* PROVIDED RECORDS
--------------------
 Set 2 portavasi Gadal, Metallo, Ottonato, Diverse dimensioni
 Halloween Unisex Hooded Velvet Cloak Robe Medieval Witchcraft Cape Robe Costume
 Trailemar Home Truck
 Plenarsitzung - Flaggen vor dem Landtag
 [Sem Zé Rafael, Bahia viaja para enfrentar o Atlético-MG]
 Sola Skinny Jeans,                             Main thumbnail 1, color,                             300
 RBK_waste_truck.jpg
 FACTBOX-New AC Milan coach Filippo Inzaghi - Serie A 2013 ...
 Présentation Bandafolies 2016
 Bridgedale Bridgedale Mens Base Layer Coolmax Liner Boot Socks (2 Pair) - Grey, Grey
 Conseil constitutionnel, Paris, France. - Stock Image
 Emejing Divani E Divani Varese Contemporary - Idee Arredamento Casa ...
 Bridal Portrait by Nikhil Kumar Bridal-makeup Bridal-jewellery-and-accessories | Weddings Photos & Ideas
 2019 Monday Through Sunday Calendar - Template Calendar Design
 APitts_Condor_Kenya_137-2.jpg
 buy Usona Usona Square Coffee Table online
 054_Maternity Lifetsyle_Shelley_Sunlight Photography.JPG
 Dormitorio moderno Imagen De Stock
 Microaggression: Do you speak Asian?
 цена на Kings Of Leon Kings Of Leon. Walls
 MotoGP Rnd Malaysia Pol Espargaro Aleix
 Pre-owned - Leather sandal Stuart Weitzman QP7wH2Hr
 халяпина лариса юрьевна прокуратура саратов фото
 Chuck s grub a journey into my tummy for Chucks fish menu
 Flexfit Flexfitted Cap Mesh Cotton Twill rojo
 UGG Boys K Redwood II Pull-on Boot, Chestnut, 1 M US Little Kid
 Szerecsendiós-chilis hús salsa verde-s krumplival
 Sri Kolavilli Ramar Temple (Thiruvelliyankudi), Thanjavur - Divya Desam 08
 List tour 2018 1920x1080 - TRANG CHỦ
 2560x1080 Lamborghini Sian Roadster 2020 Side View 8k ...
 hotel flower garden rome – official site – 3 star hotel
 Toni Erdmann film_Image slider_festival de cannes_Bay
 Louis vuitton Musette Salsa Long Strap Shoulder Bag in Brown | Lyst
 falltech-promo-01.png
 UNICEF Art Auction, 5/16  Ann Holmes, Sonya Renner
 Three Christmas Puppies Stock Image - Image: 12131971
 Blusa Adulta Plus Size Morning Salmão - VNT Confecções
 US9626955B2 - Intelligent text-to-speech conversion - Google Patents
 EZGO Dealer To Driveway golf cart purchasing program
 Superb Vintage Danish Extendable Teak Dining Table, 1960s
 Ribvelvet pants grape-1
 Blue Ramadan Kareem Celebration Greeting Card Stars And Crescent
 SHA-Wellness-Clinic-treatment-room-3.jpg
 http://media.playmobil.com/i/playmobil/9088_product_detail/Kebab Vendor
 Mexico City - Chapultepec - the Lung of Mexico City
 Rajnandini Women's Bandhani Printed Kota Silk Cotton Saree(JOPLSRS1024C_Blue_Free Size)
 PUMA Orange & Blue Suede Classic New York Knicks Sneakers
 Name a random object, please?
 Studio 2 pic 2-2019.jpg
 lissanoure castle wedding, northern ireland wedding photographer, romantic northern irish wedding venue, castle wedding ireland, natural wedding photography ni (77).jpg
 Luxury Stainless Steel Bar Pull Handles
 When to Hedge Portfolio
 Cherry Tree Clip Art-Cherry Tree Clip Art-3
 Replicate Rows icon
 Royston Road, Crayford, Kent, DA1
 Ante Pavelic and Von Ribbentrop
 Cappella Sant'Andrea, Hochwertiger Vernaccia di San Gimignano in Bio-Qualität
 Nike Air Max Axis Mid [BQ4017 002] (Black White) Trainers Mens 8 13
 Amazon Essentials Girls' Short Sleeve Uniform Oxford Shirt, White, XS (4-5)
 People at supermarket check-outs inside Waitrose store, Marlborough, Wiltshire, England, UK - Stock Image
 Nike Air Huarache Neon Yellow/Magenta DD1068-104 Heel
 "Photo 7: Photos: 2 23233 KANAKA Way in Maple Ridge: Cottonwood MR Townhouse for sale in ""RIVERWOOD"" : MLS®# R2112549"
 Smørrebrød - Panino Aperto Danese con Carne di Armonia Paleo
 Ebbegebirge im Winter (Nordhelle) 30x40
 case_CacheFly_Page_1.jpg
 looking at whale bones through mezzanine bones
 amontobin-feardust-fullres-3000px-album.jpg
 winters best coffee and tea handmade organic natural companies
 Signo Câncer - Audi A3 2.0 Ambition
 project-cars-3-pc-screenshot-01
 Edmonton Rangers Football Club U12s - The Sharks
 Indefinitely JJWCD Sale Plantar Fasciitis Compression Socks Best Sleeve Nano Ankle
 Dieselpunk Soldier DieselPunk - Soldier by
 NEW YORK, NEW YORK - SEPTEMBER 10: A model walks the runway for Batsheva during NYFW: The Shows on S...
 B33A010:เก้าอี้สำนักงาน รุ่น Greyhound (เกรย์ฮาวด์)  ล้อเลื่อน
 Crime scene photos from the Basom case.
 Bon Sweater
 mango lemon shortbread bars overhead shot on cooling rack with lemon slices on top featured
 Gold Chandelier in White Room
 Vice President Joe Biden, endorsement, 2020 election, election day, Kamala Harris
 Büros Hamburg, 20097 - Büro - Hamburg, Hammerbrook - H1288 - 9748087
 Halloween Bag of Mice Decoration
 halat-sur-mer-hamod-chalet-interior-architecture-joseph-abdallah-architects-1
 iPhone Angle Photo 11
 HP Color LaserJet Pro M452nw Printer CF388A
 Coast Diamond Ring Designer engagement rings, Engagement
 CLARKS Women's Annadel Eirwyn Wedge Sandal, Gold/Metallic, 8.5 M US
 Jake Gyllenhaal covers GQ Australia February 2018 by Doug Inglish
--------------------
Filter the records down to the lines that contain the string "Table", and copy those lines.

 buy Usona Usona Square Coffee Table online
 Superb Vintage Danish Extendable Teak Dining Table, 1960s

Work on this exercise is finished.